- 白とピンクの惑星
二万年後の銀河シリーズ
第1巻 ファウンデーションの夢
第四部
ベイタ・ダレル
第6話
39:白とピンクの惑星
ベイタ・ダレルは、その足元に広がる惑星「ヘイヴン」の異様な美しさに見とれていた。空は白とピンクの色合いで彩られ、目の前には静謐なクリスタルのように澄んだ海が広がっている。その夢のような光景は、銀河の他のどこでも見たことのないものだった。しかし、彼女がここに来た理由は景色を楽しむためではない。彼女は第二ファウンデーション、いや、もしかするとそれ以上の秘密を背負っていた。
「ベイタ、ようこそ。」
ランドゥ・ダレルが温かい笑みを浮かべて彼女を迎えた。「これが白とピンクの惑星、ヘイヴンか。驚いたな! 君がシーウィーの娘だったなんて知らなかったよ。私と彼はよく顔を合わせたものだ—デヴァーズの仲間の商人で、しょっちゅう口論していたからな。トランはいい妻を見つけたものだ——聡明で美しい女性だ。正直、彼にはもったいないくらいだ。」
ベイタも微笑みを返したが、その瞳には鋼のような決意が宿っていた。「ランドゥ叔父さん、実は第二ファウンデーションを調べています。そして . . . 第三ファウンデーションの存在も疑っています。」
ランドゥの視線は彼女の首にかかるペンダントに移り、それに向かって顎をしゃくった。「そのペンダントには、何か特別な意味があるのか?」
ベイタはペンダントを握りしめ、軽くうなずいた。「あります。中に入っている液体——母が結婚祝いにくれたものです。半分だけ満たされた紫色の液体の入った円筒。意味は教えてもらえなかったけど、私はこれがファウンデーションの起源に関係していると信じています。」
彼女は一息置いて続けた。「私の先祖、ガール・ドーニックがそのことを明示的に記録に残しているわけではありませんが、その記録には何かが暗示されています . . . 次の“時間霊廟”の開示で明かされる何かが。これはハリ・セルダンが意図的に仕組んだものだと思います。もし第三ファウンデーションが存在するなら、それを明るみに出さなければなりません。この銀河には謎が満ちていて、それを解明するのは私たちの使命です。

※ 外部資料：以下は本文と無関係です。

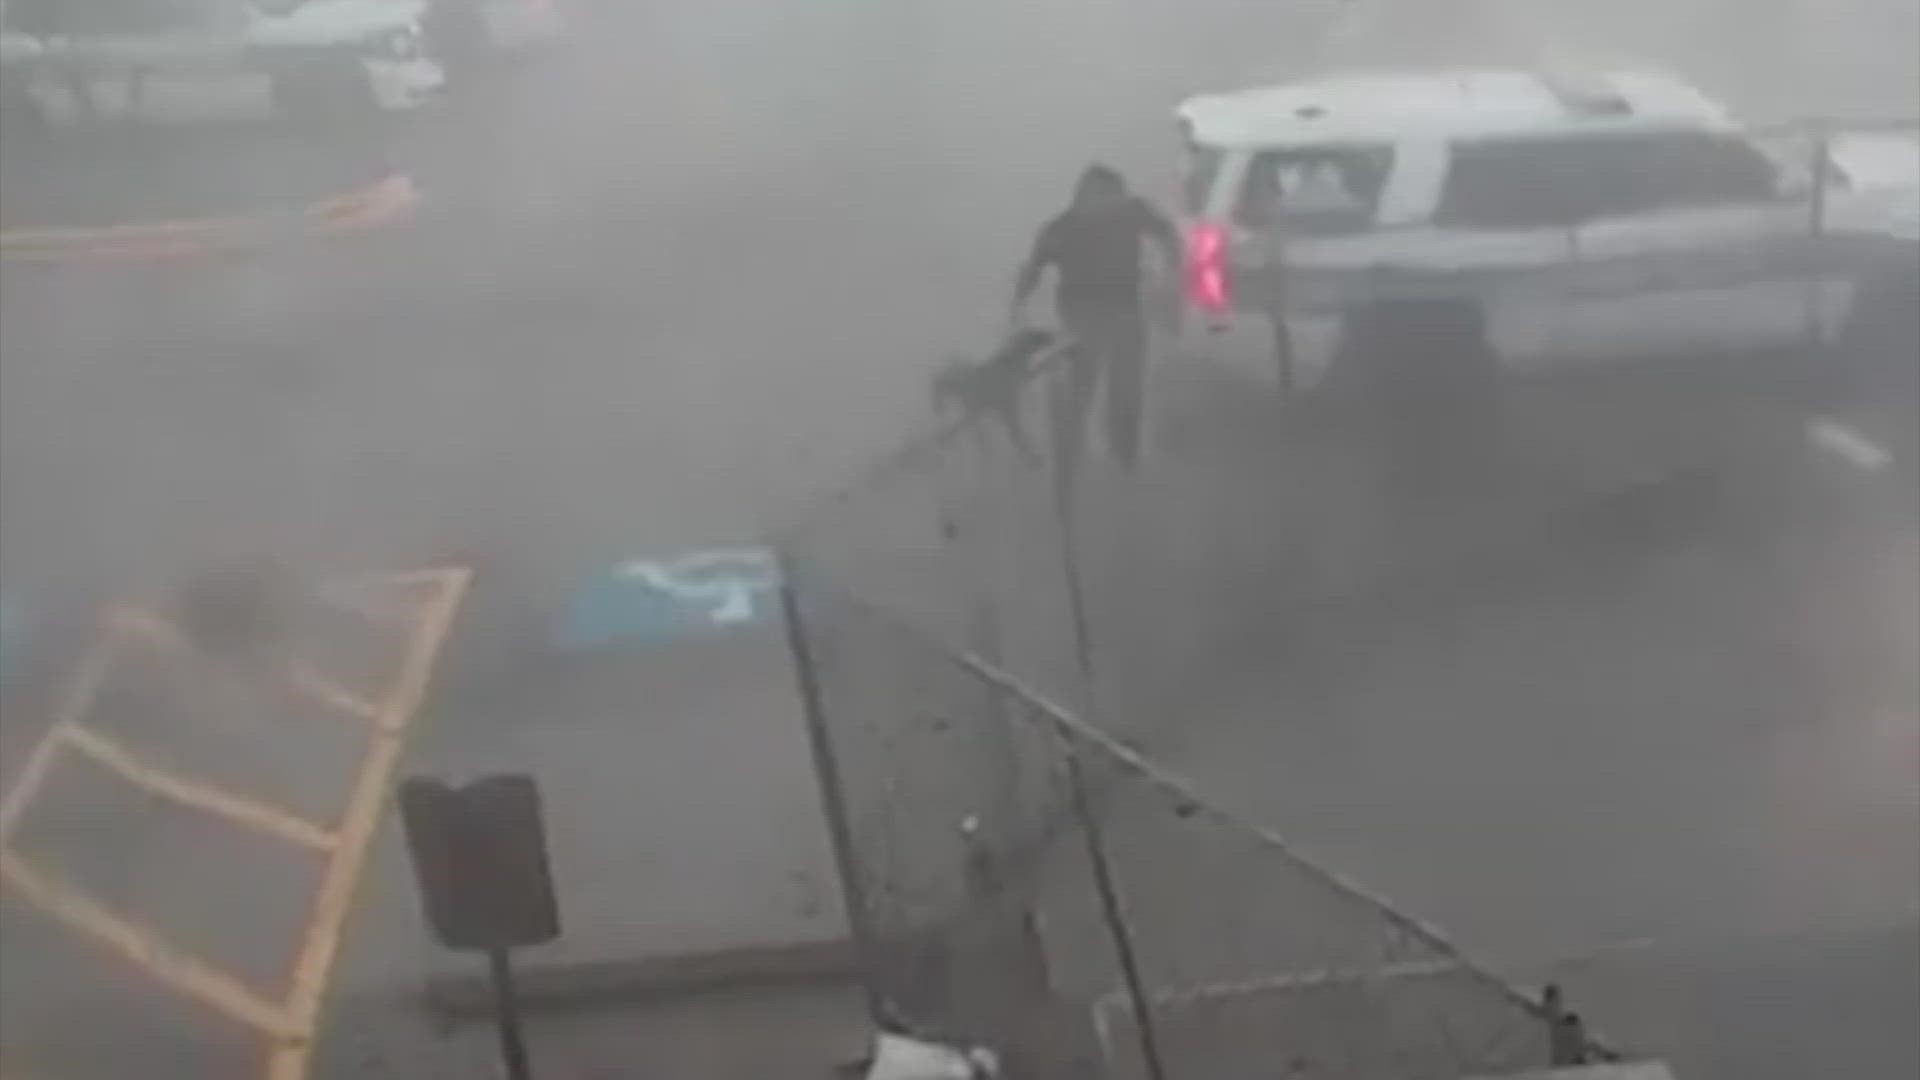 Viral video captures the moment officer Joel Nitchman rushed out into a dangerous storm to get his partner of 8 years to safety.

」
ランドゥはゆっくりとうなずいた。「その時が来たら、私もターミナスに向かおう。この銀河は衰退しているし、ファウンデーションですら弱体化している。インドバーの世襲市長なんてお笑い種だ。ターミナスが銀河帝国に代わる?それはただの遠い夢にすぎない。」
彼は一瞬間を置き、再びベイタに目を向けた。「でも、ヘイヴンで休んだら、トランと一緒にカルガンに新婚旅行に行くのもいいんじゃないか?トロピカルな楽園で、娯楽もたくさんあるしな。そして . . . 」
ベイタは眉を上げ、興味を示した。「そして?」
ランドゥは微かな笑みを浮かべ、謎めいた光を瞳に宿らせた。「ミュールがいる。」
「ミュール?」ベイタの声には驚きがにじんでいた。「動物園にでも?」
ランドゥは肩をすくめながら、意味深な笑みを浮かべた。「それは見てのお楽しみだ。」
つづく。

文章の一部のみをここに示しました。